Balance transfer credit cards

Some things sound great on paper and end up being just as great in real life, like bacon-wrapped shrimp and blankets with sleeves.

Other things, however, may sound great in theory, but simply don’t work the way you thought they would, like Crystal Pepsi or a theme park filled with real dinosaurs.

Debt consolidation sounds like a sure winner on paper, but every variety of consolidation carries certain risks, and balance transfers, in many ways, are the Jurassic Park of financial solutions – if everything goes just right, they can be a great way to save money and pay down debt quickly.

But how often does everything go just right?
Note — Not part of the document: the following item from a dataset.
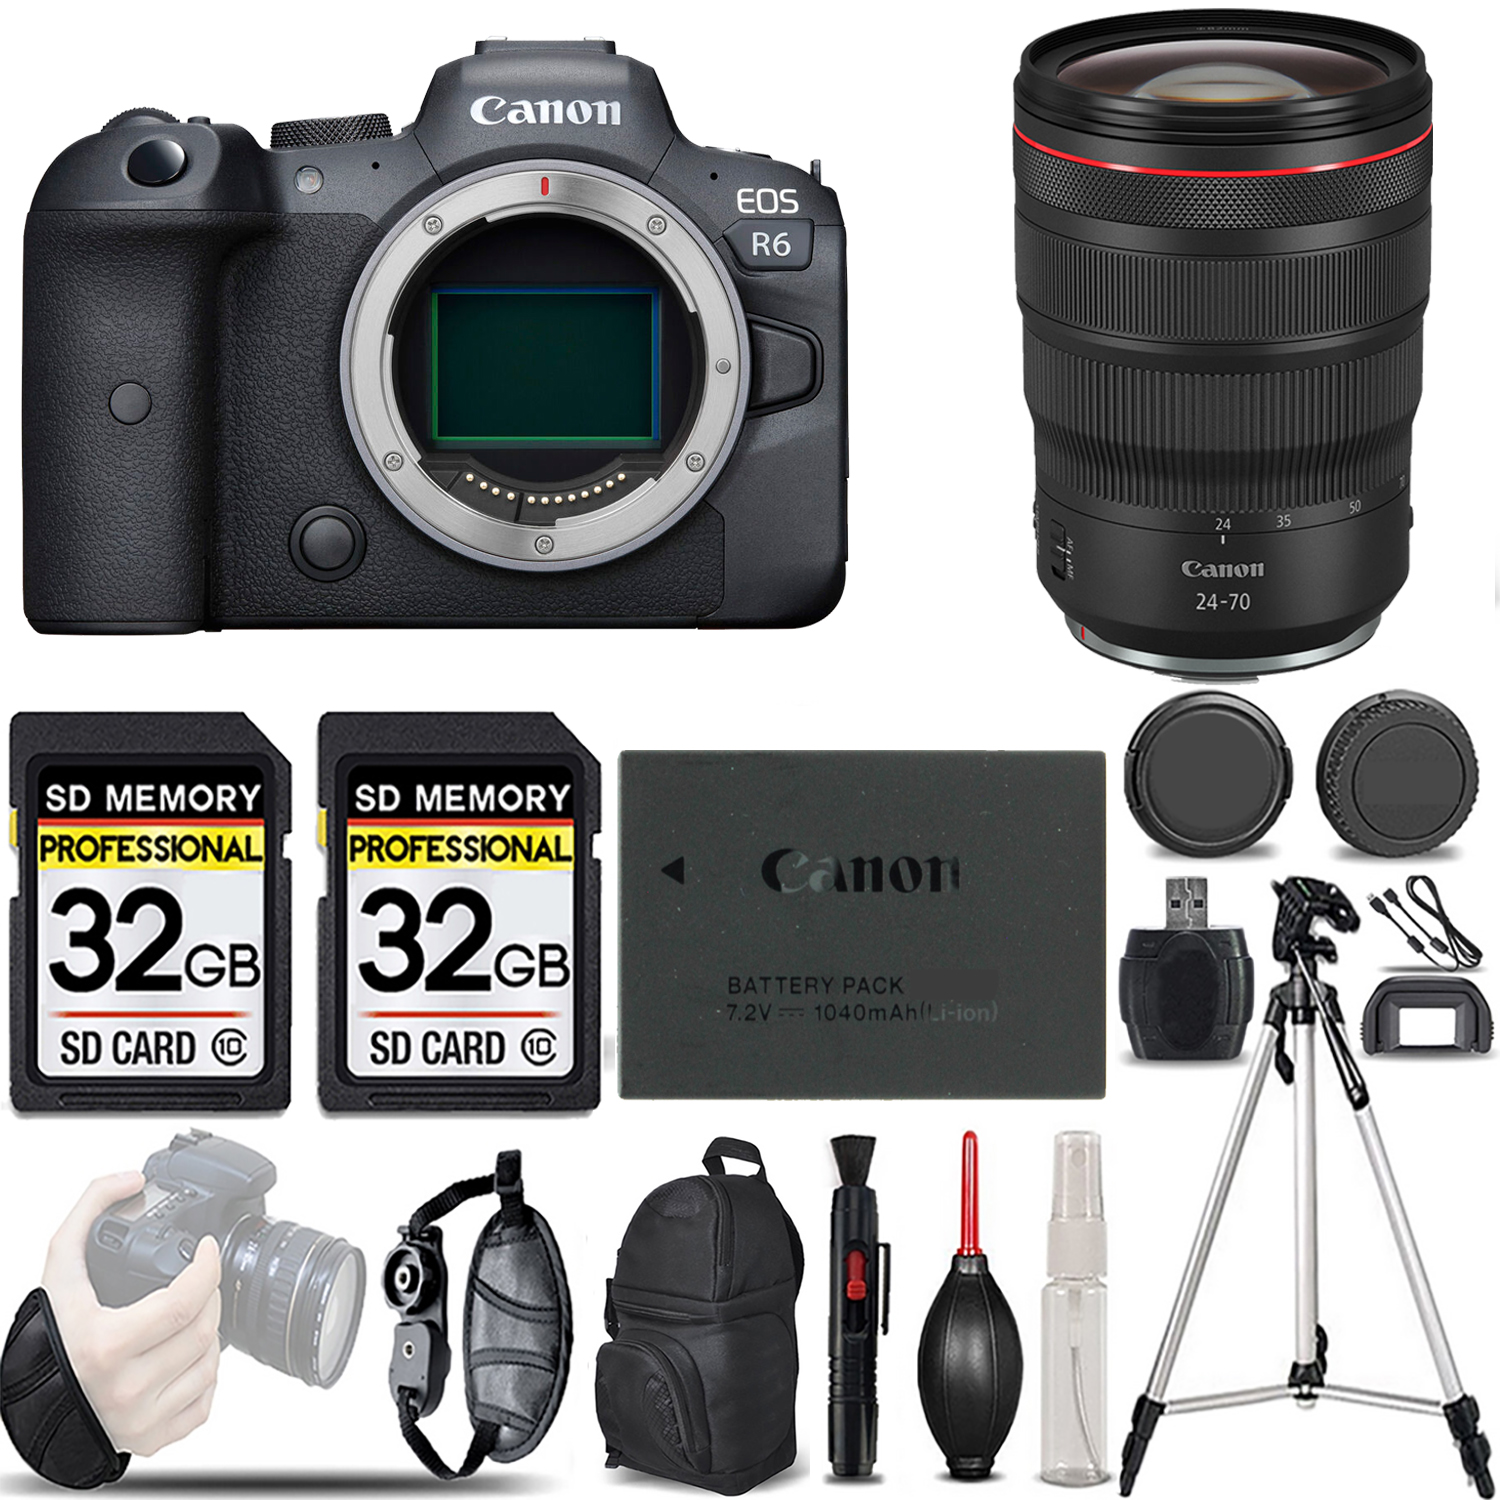 EOS R6 Mirrorless Camera + 24-70mm f/2.8 L IS USM Lens - LOADED KIT *FREE SHIPPING*

What is a balance transfer? 

Balance transfers are simply the act of moving a debt (usually unsecured credit card debt) from one account to another, most often with a 0% interest rate as the primary enticement. They’re a popular form of debt consolidation, because consumers benefit from the reduced APR (annual percentage rate), saving money on interest charges and paying down debt faster as a result.

Sounds good, right?

What could go wrong?

Cue the Velociraptors!

First, most credit card companies now charge a transfer fee, generally in the vicinity of 3% to 5% of the total balance. Try to consider how quickly you plan on paying off the debt in order to make sure that the fee you’re paying is less than the amount of interest you’ll end up saving.
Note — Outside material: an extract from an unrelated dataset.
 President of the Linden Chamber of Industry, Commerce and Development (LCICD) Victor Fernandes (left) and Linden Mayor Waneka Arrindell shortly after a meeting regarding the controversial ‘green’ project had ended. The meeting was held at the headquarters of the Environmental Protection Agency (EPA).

Second, you have to bear in mind that the 0% rate is generally for a limited period of time (usually between 3 and 18 months). Are you going to have the entire debt paid off before the rate expires? If not, prepare for your APR to go up, potentially all the way to the maximum allowed.
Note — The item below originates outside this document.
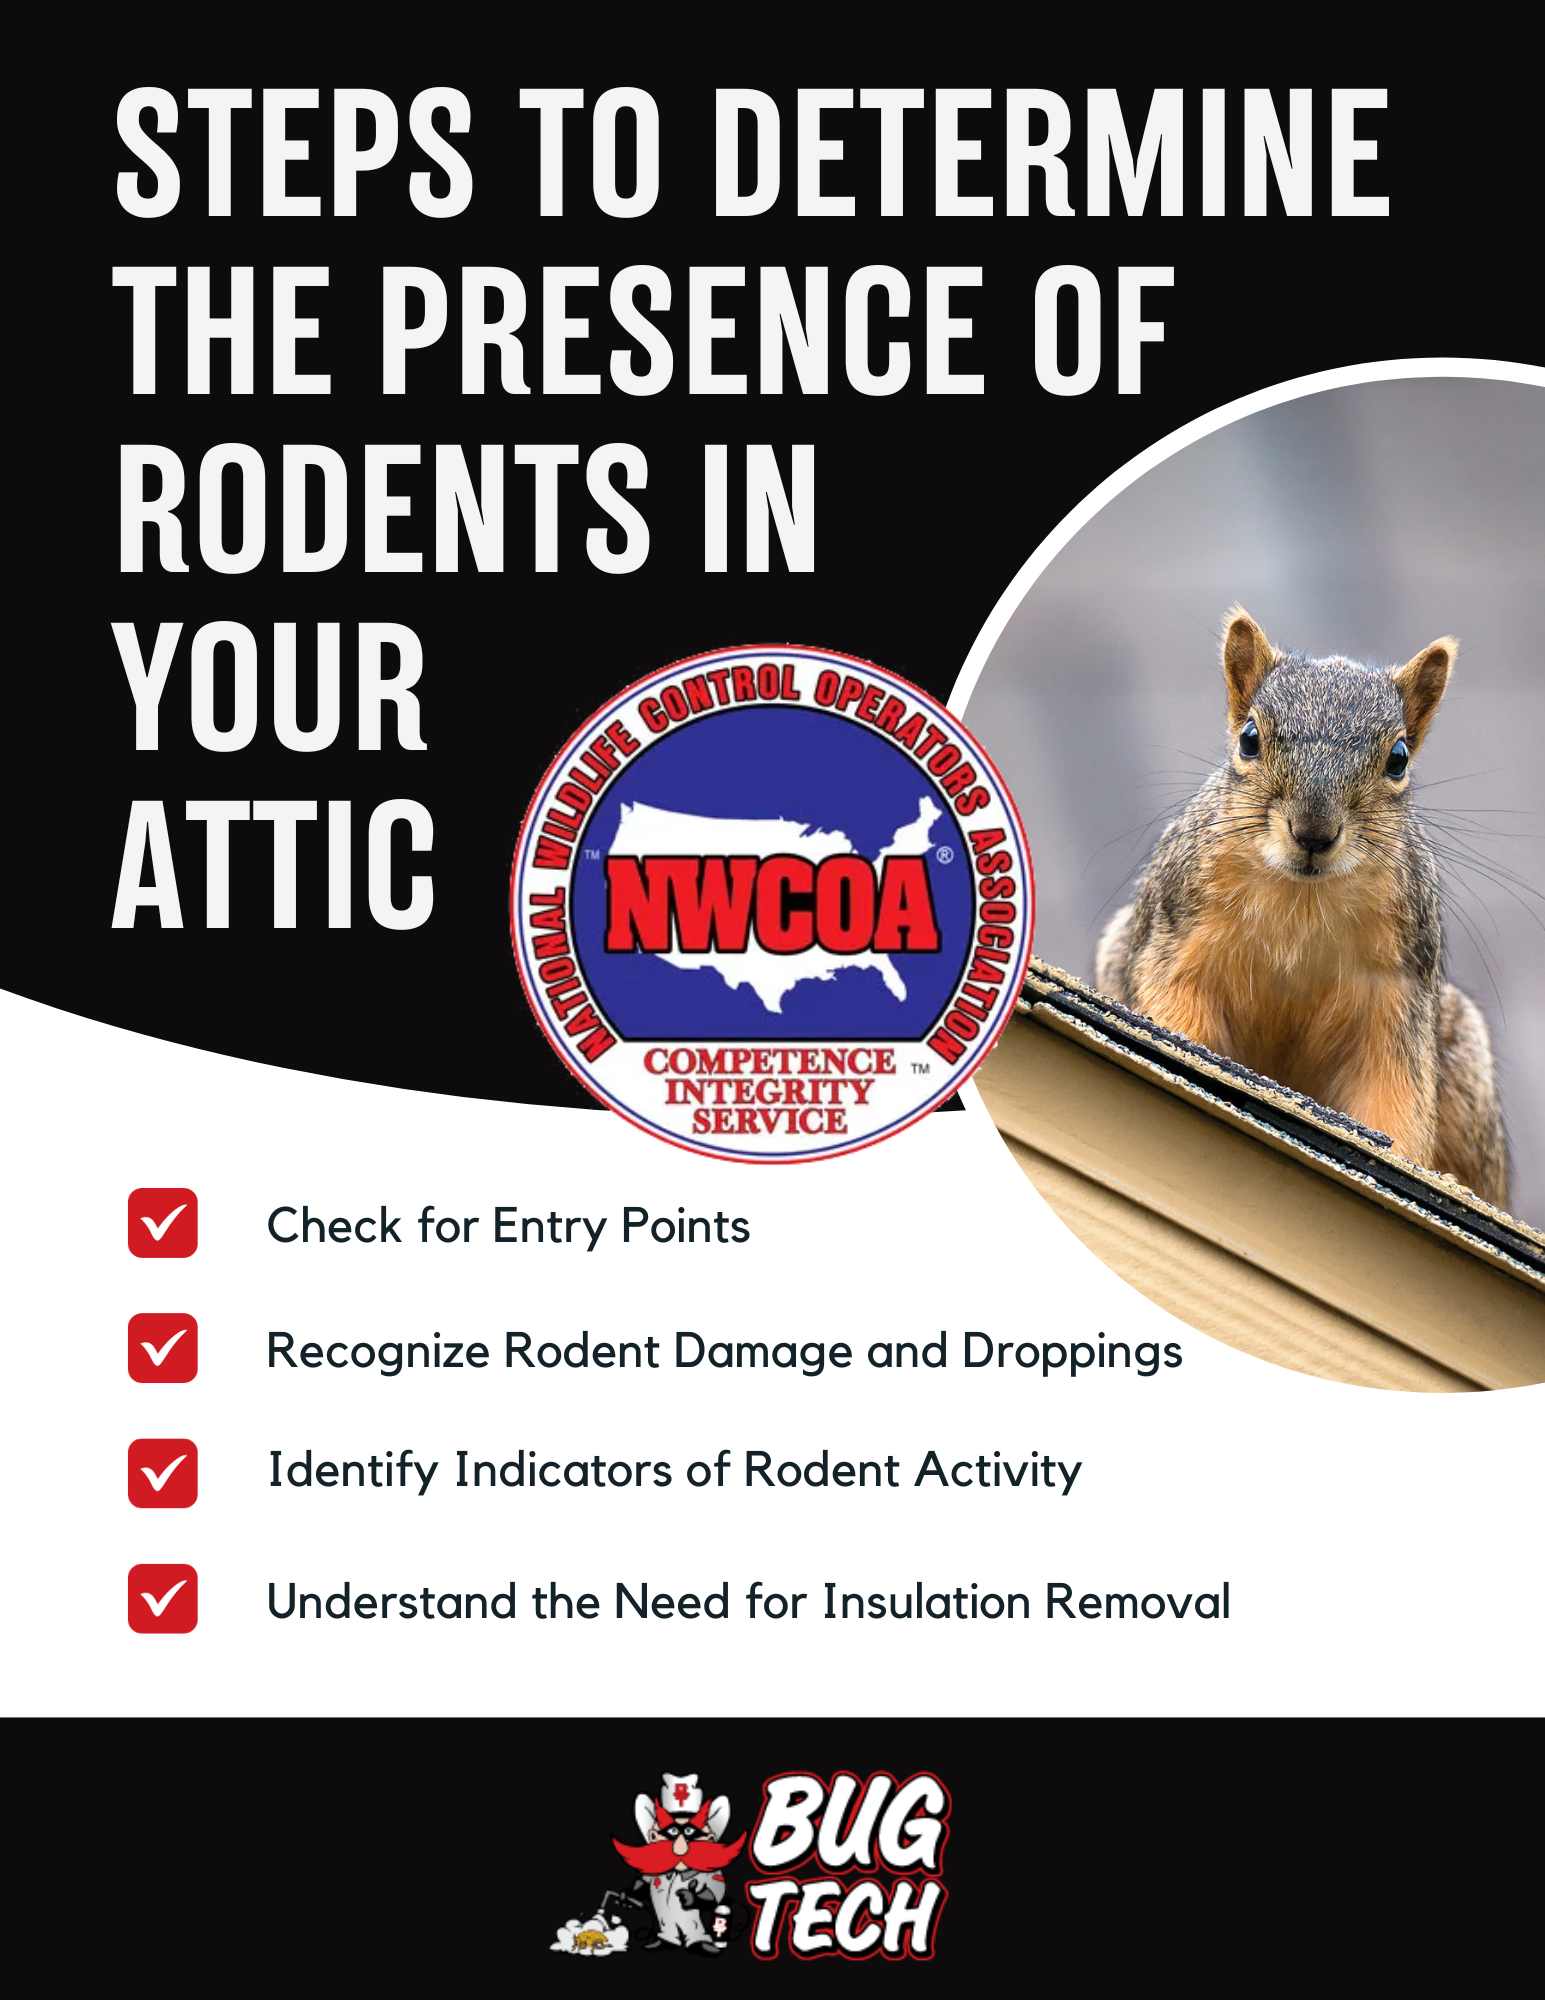 Steps-to-Determine-the-Presence-of-Rodents-in-Your-Attic.png

Also, some 0% promotions are actually deferred interest promotions, which means that if you don’t have the full balance paid off at the end of the set term, you’ll be on the hook for all of the interest that accrued during the life of the promotion (which could be substantial).

Another thing to keep in mind – that rate is almost always contingent on making on-time payments every single month. If you miss one payment you’ll find yourself back at that high interest rate, not saving any money at all!

The state of your rate 

A mistake consumers often make with these new credit cards is using them to make new purchases.

Consumers will often roll all of their pre-existing credit card debt into a new card, meaning the old accounts are closed and therefore no longer available to use. This means that if they need to use credit, they go straight to the newly open account. The problem is that the 0% APR usually only applies to the balance transfer – new purchases are subject to interest charges.

On top of that, credit card companies are free to apply your monthly minimum payment towards whichever balance they choose – and they almost always choose the portion of the balance with 0% interest. All of which means that your new purchases are accruing interest every month, while the balance on those purchases isn’t going down at all!

(It’s important to note, thanks to the CARD Act of 2009, that credit card companies are now required to put the portion of your payment that's beyond the minimum amount due toward the balance with the highest APR.)

How your credit score factors in 

One of the factors (and there are many) of calculating your credit score is the length of time your accounts have been open – the older your accounts, the better that is for your score.

When you roll all of your balances into one new card, the old accounts are closed, and instead of having multiple old accounts, you now have one brand new account, which could have an enormous impact on your credit score.

What are your alternatives? 

If you’re looking for a reduced interest rate and the ease of a single consolidated payment, debt management might be a better option for you.

For consumers who qualify for debt repayment through a Debt Management Plan, the lower interest rate is generally fixed for the life of the debt and in most cases won’t default for a single missed payment.

Also, Debt Management Plans are designed to fit within your budget and have you debt-free in 4 to 5 years!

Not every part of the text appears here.